Registered: 03/27/14
Posts: 13
Loc: Salado, Texas

You are asking all the right questions, and it looks like you've gotten some good info so far. I found myself in the same position years ago looking for a stud dog in order to get pups out of my "perfect" female that was my friend, hunting companion, and foot warmer. While it is not necessary to find a pup out of titled ancestry, it is the only way to know the pup has the natural ability, drive, and intelligence to learn to hunt. However, the titles will not tell you much (if anything) about the disposition of your pet and how he will handle in the home.

Field Trial dogs do tend to be more energetic due to the fact that they almost have to be to win a Field Trial, and let's face it, who wants to spend all the time and money on a dog who has no chance of winning!?! Hunt Test dogs don't have to be that geared up, but certainly are much of the time.

Either way, the "off switch" you referenced is very prominent in the Labrador breed. That is why they are America's favorite dog (according to AKC registration numbers). They don't have to be hunted at all, even if they have been bred to do so. Unfortunately, some Hunt Test and Field Trial breeders don't care if their bloodlines have an off switch if all they are interested in is winning tests. Here's why your search has become difficult. The only real way to know if your pup will have a good opportunity to be both a hunting companion as well as a lap dog in the house is to get a pup from a breeding that has that type of dog in the pedigree. Unfortunately, AKC doesn't have any titles for "off switches"!

So how do you know? Find a trainer or owner of pedigreed, hunt test/field trial dogs that keeps their dog in the house. If their titled sire and/or dam is their companion, stays in their home, and they still have a home that's in one piece, then you know that titled dog also has its off switch! If they say their dogs have an off switch, but they don't let their dog live with them, they're either lying, or they don't have much love for dogs, because who WOULDN'T want their best friend to be a part of their family if he has as good a manner as the stereotypical loyal, loving, Labrador Retriever?!?

I do have to say that typically, a Labrador is going to be a good dog as far as being socially acceptable and having manners if the proper training is put into them. It is definitely the exception to the rule to have an unruly Lab (unless he just hasn't been taught anything). Labradors are generally more high strung than, say, a hound dog, but they are highly intelligent and extremely loyal which makes them easily trained if you just spend a little time with them and give them clear rules to live by, so don't fret over it too much.

Whatever you do, make sure your Lab breeder has all of the proper health clearances (OFA, CERF, EIC, CNM, etc.). If a breeder isn't willing to spend the time and money on their health screenings, then they probably don't have much faith in their dogs to be excellent dogs and they certainly don't care about what they're selling you, so you really can't trust anything else they may tell you about their dogs.

Good luck in your search.
Hunting is my life. Life is good. Life's better with Labs!

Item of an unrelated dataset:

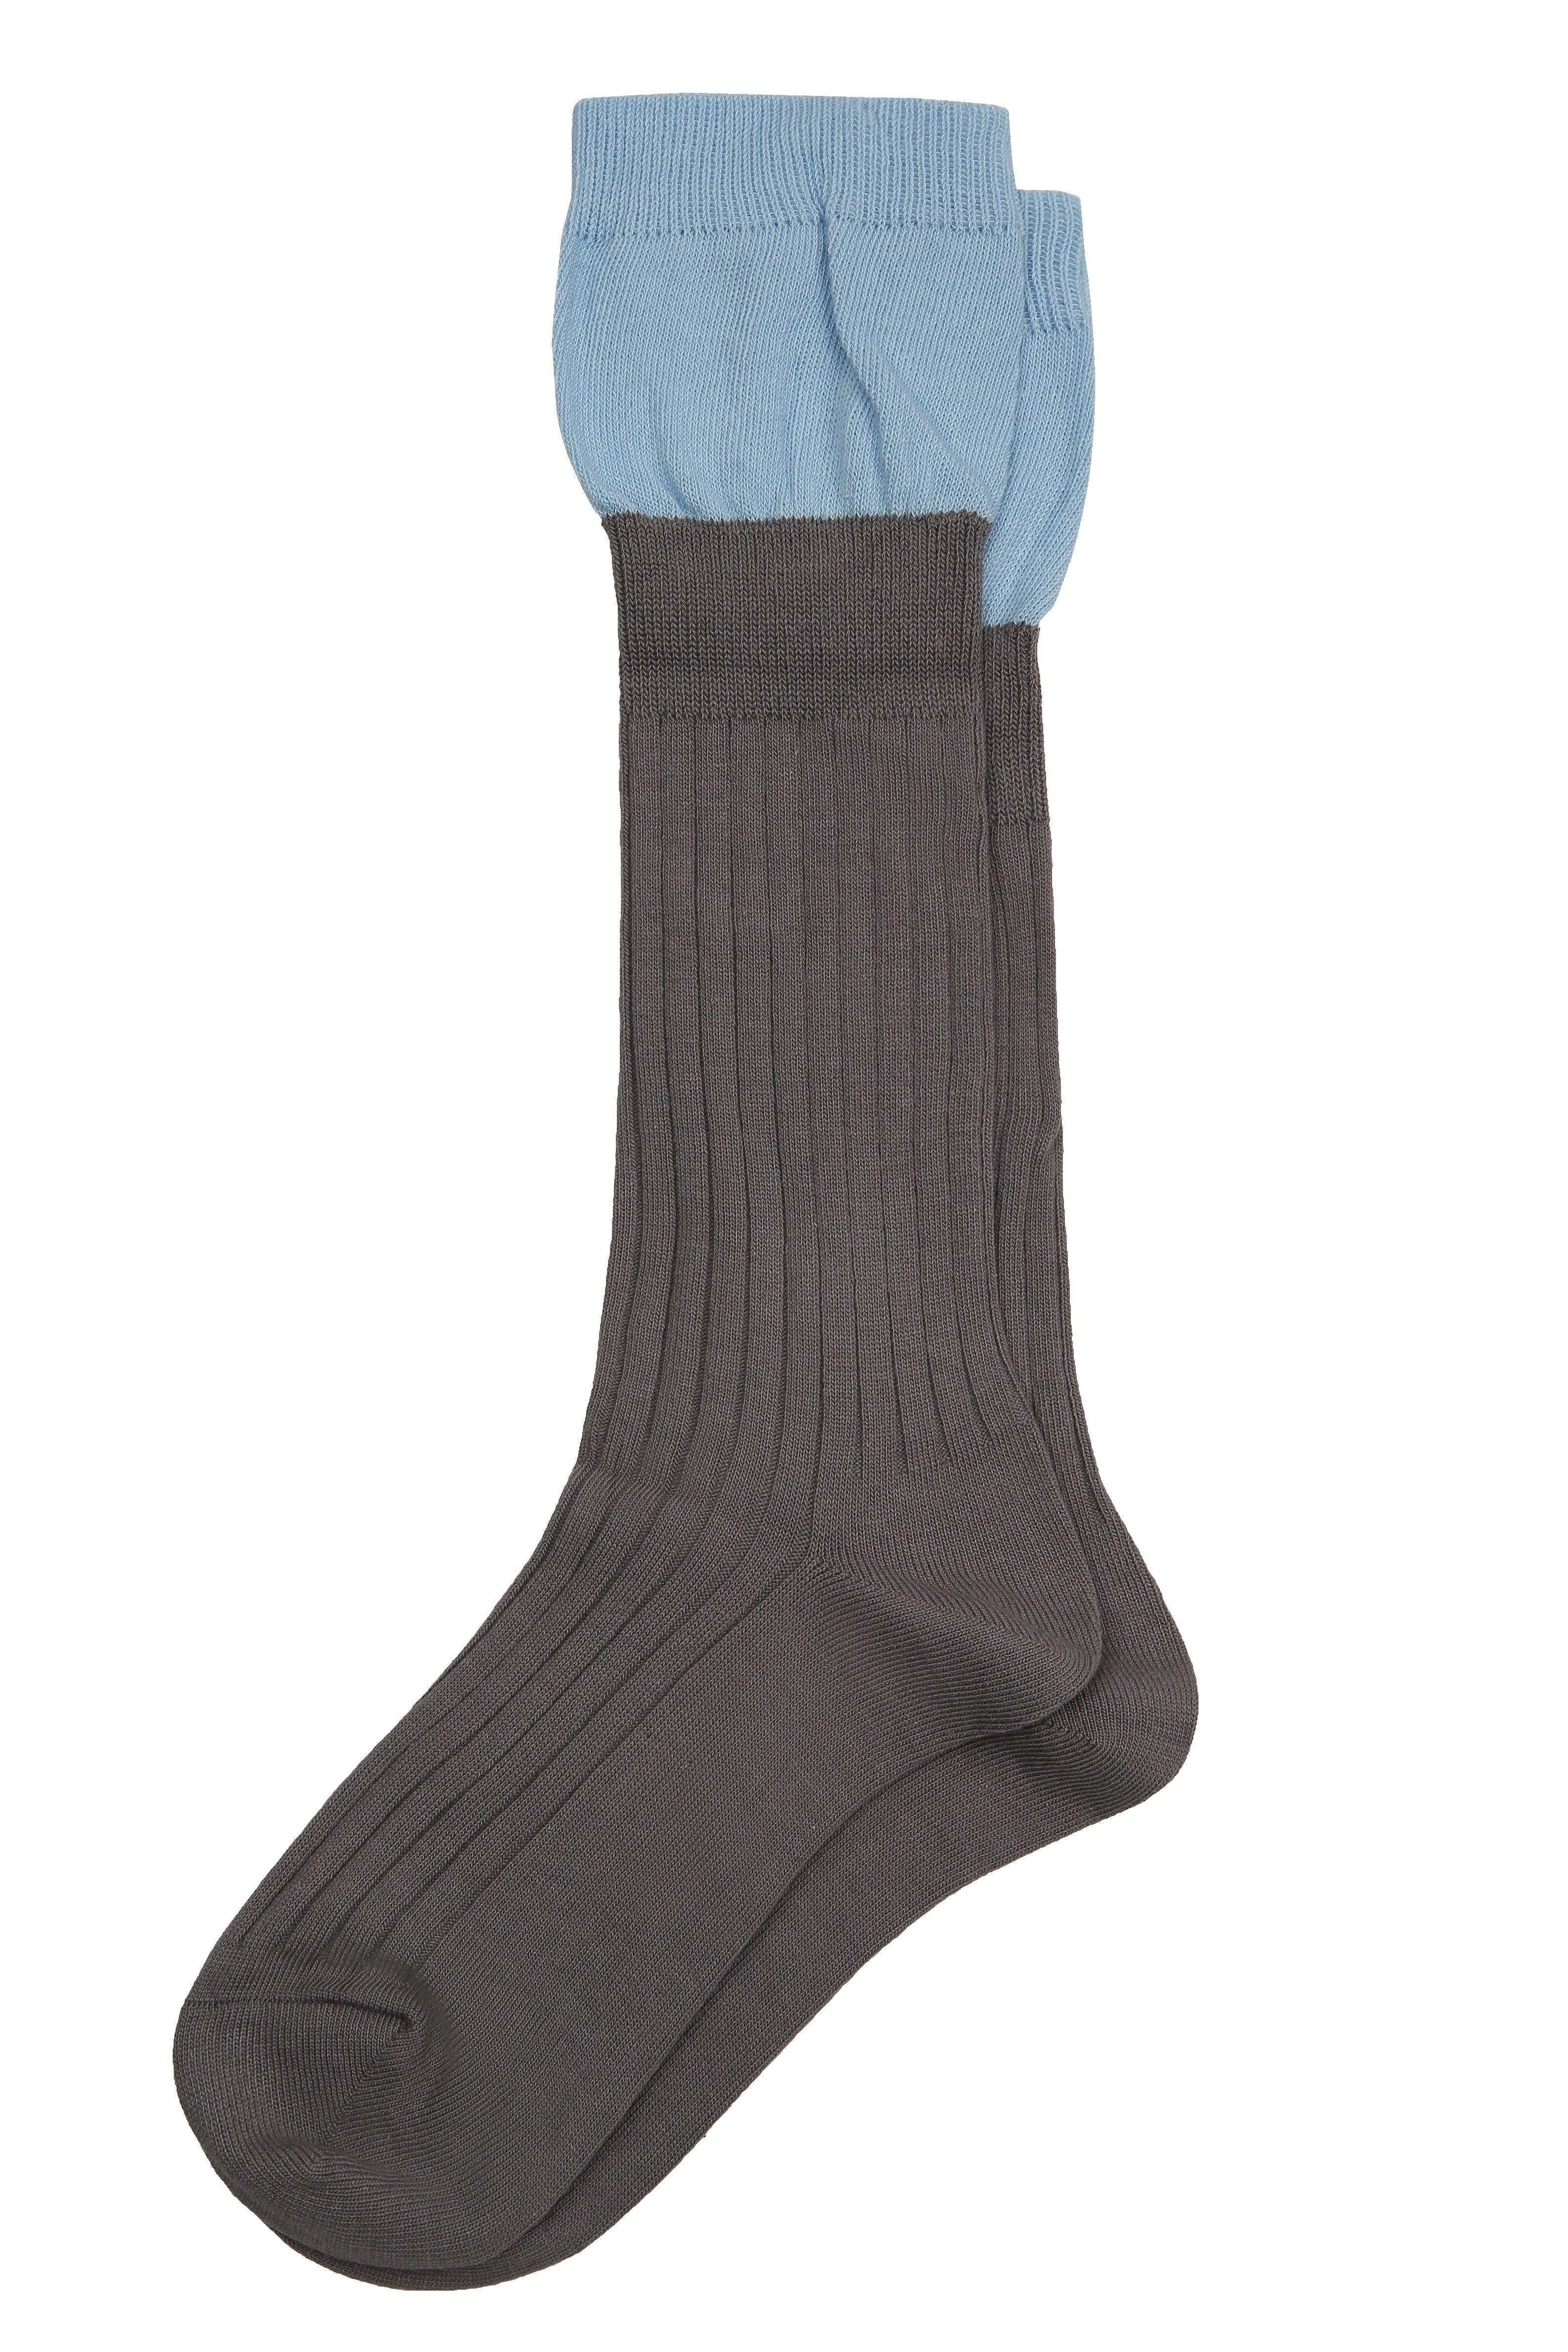 Blue Colorblocked Cotton Long Socks - Uniqvibe

#5702791 - 04/16/15 11:22 AM Re: Labrador selection process [Re: triggerbowtx]
Caneycreek Offline
Green Horn

Registered: 04/25/12
Posts: 4
I started out growing up with and then eventually breeding English labs. I've seen some really good English labs hunting. They lack the stamina of an American lab. I switched to American labs in 2004 and have been raising and breeding them since. I have 2 females right now that are indoor dogs. They sleep all day. They are hyper at dinner time so I have to put them outside before I fill their bowls or they might knock me down running past me. I have one female that is primarily an outdoor dog (except when the weather gets bad), because 5 dogs in the house is just too many. But when she IS allowed in the house - she runs right into a kennel and stays in there and doesn't move. She won't even lick her paws or scratch, she just stays quiet hoping she's allowed to stay in the house if I don't notice her!

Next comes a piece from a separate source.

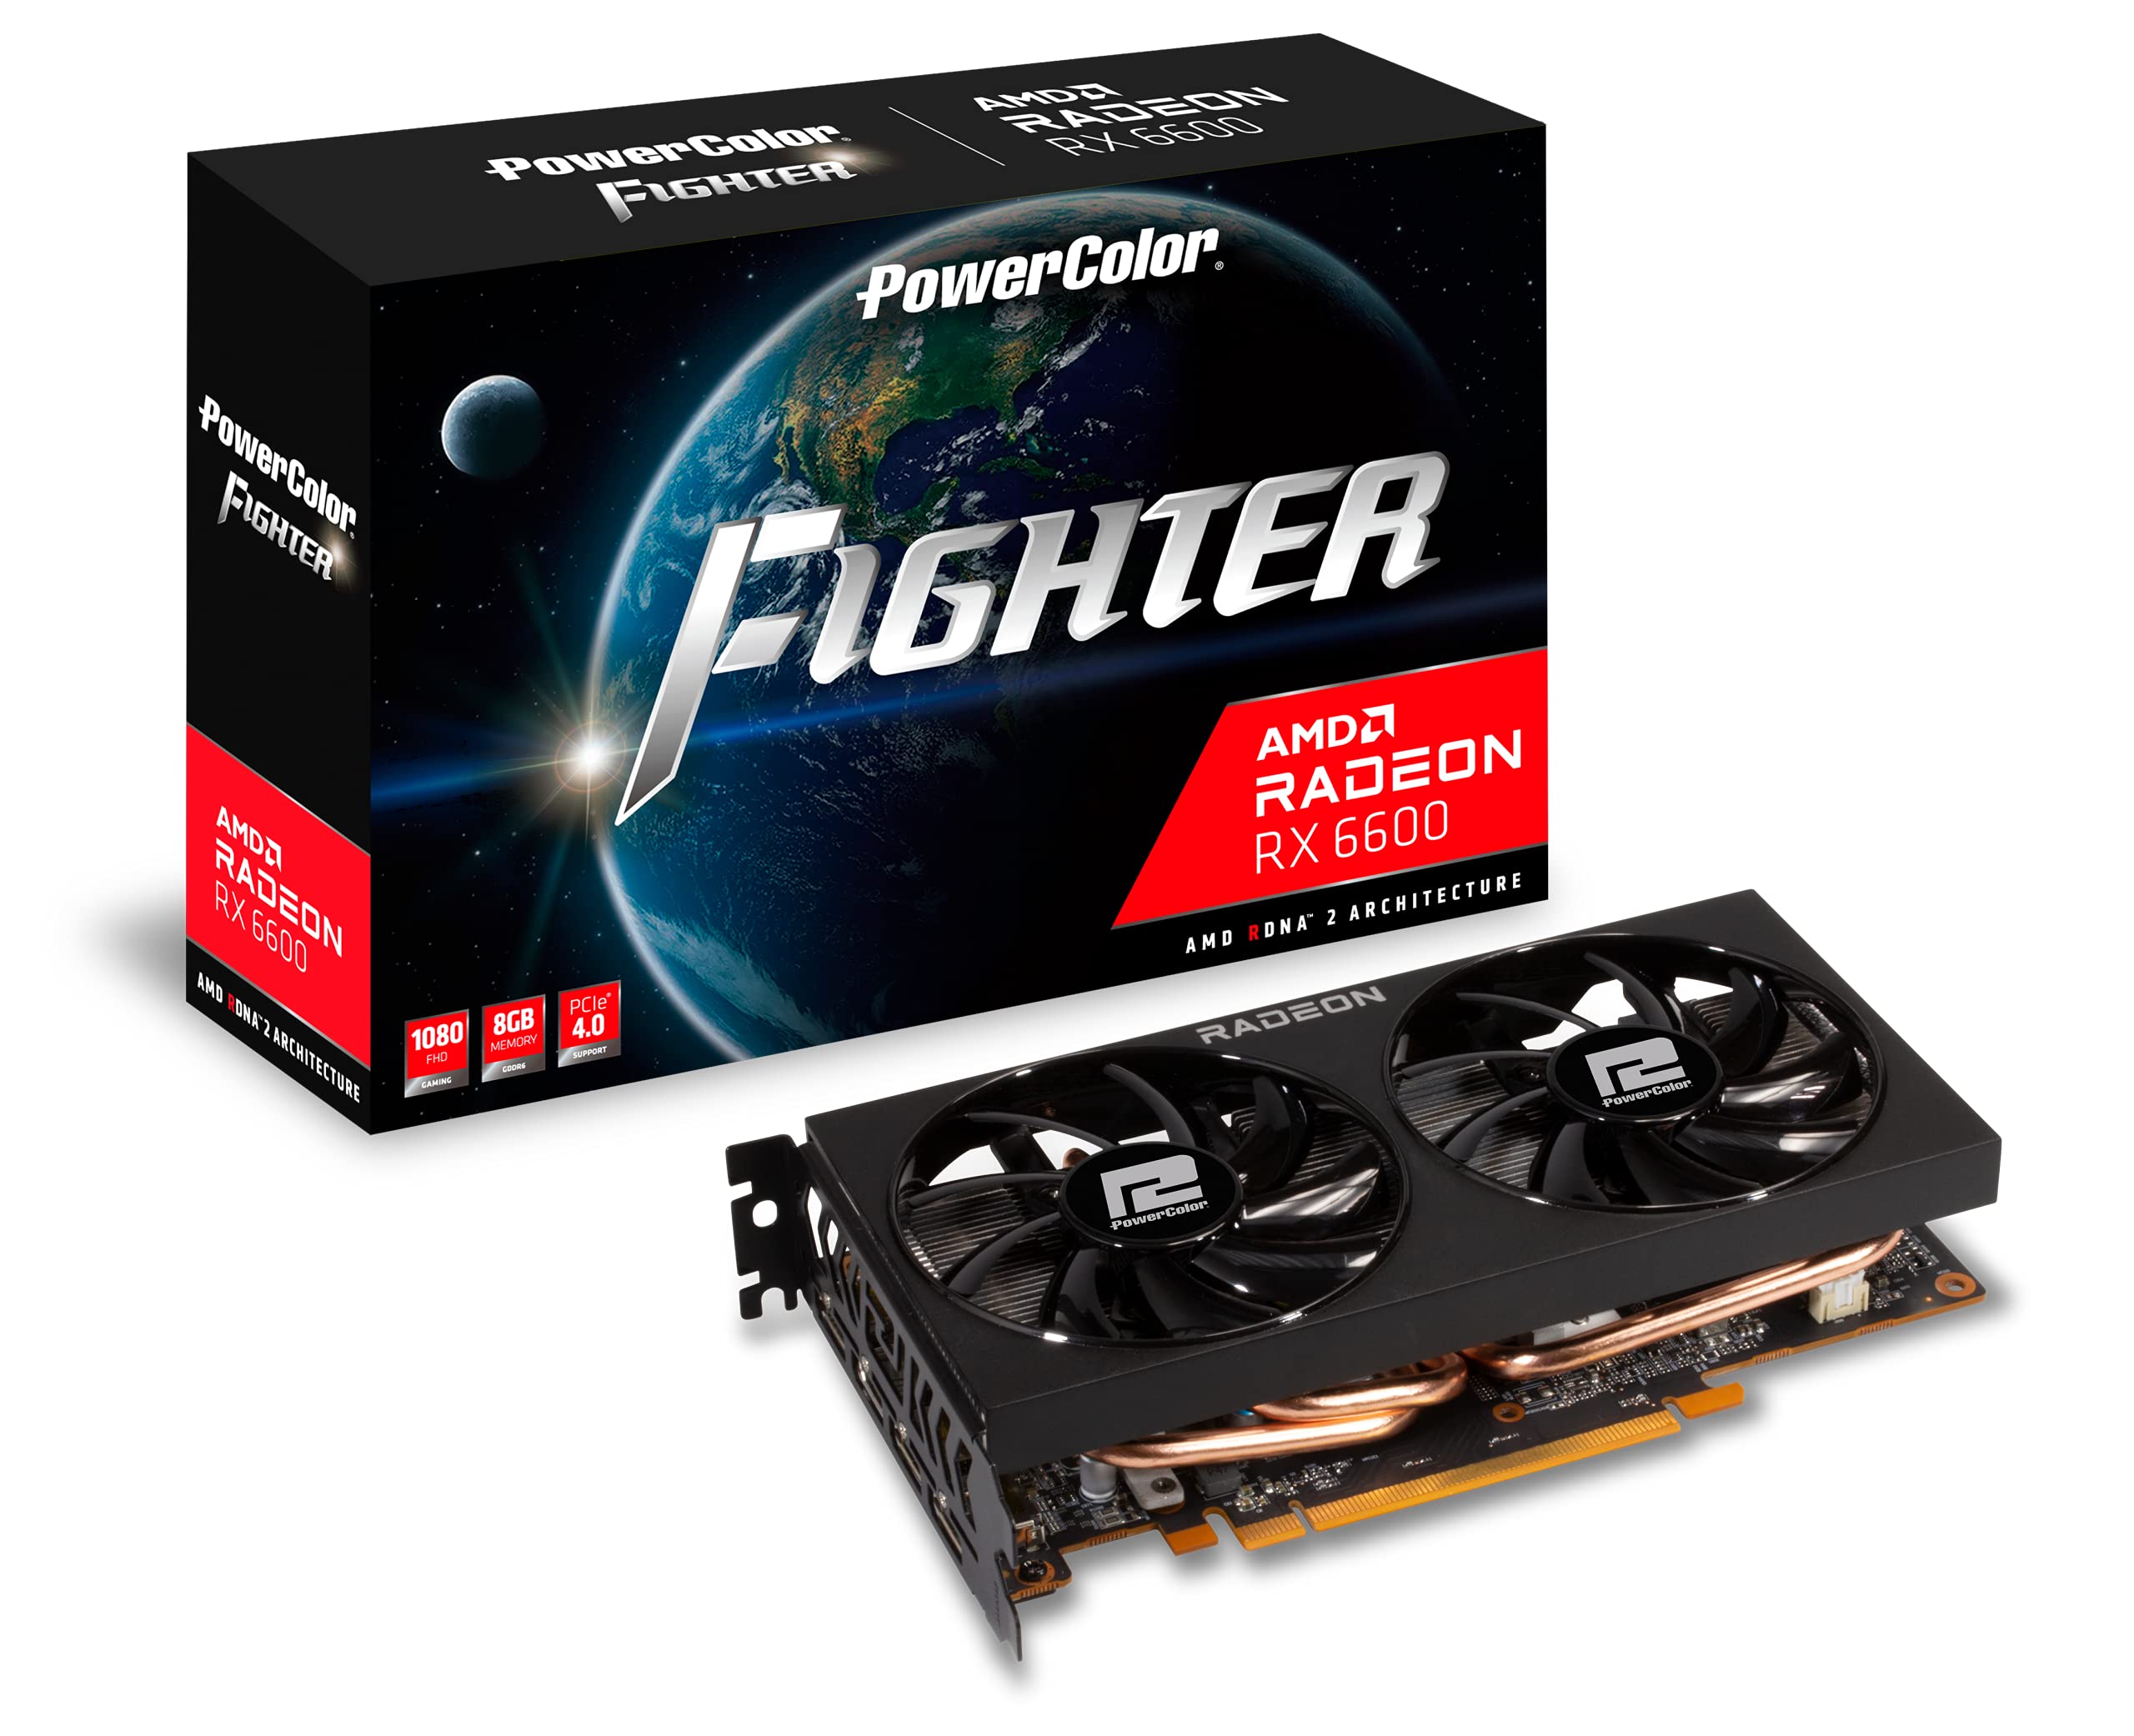 PowerColor Fighter AMD Radeon RX 6600 8GB Graphics Card - $179.99 + F/S - Amazon

Although they may be incredibly calm inside all day (I work from home and they literally nap the entire day), all 3 of the dogs have an incredible amount of stamina like no other dogs I've seen when I take them into the field. My 10.5 year old dog has continuously retrieved tennis balls swimming upstream in the Blanco river for about 8 hours straight. I finally had to take the ball away so no one else would throw it because she was so tired, but refused to stop. Just this past October, my husband shot a trophy buck at the break of dawn with his bow and we could not find it. We had 2 of the labs tracking with us for 10 hours. We sat down in the woods to rest and the dogs would not lay down, even though they were hot, panting, and tired. They were still ready to go.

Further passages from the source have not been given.